Everyone's suffering is unique: individualized, sometimes isolated, sometimes severe, and often imagined to be worse than the suffering of the other guy. All suffering, of all kinds—emotional abuse and mental anguish as well as physical injury, sickness, and spiritual hammering, etc.—is, to some degree, horrific to the person who is in the throes of it. But what is key is what is our relationship to God through it. May we be like the returning Christian soldier who said, "I'm so glad I only lost both my legs in the war." Such a statement will bring eternal, ongoing glory to the King of kings. The suffering happens here, in a limited scope no matter how horrific, but the reward of a grateful, praising heart goes on forever and ever. This world may well be a type of spiritual crucible, capable of surfacing to the top of the human heart the true and lasting bend of a person’s soul toward the living God.

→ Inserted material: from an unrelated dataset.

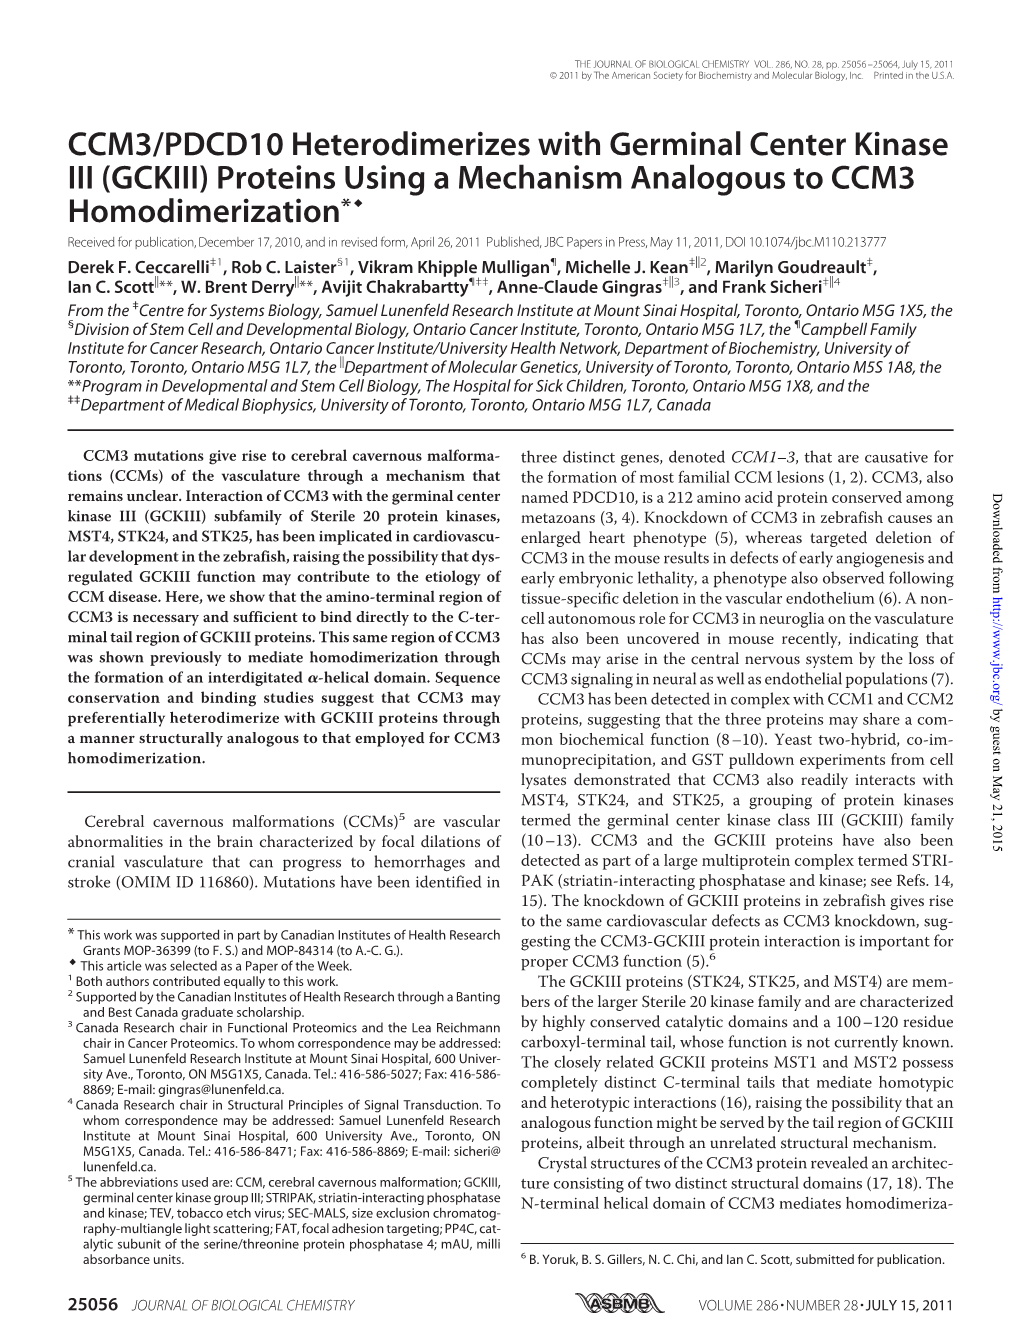 CCM3/PDCD10 Heterodimerizes With

(2.) The problem of evil is confounded by the existence of beauty. If earth's existence were only stormy gray and pitch black and all of our experiences were insufferable tragedies, that would be one thing. But piercing into those experiences are often stabs of beauty. After we’ve been crying our guts out we see a sunset that takes our breath. A victim in a concentration camp is lifted by a shy smile coming from another soul there. A hiker who is lost on a trail finds blueberries growing on the side of a hill.
The most astounding stabs of beauty come from within ourselves, where we experience another level of letting go in humility, or realizing that life has levels we didn't know about that we become almost glad to have been shown, or we find within ourselves a new search for uncommon kindness towards a very difficult person...or, or, or. Where do these things come from within our own soul? We didn't put them there. We ponder, why did I see them emerge only in and through my suffering?
G. K. Chesterton perhaps said it best when he said that surely life is like stumbling upon a shipwreck. The ruin is all about us, but we also see jewels strewn upon the shore, spilled from the treasure chest that was borne here by a ship from a region beyond—a region from which it came. This evidence indicates that this island is not all there is; there is more to life than what we now know.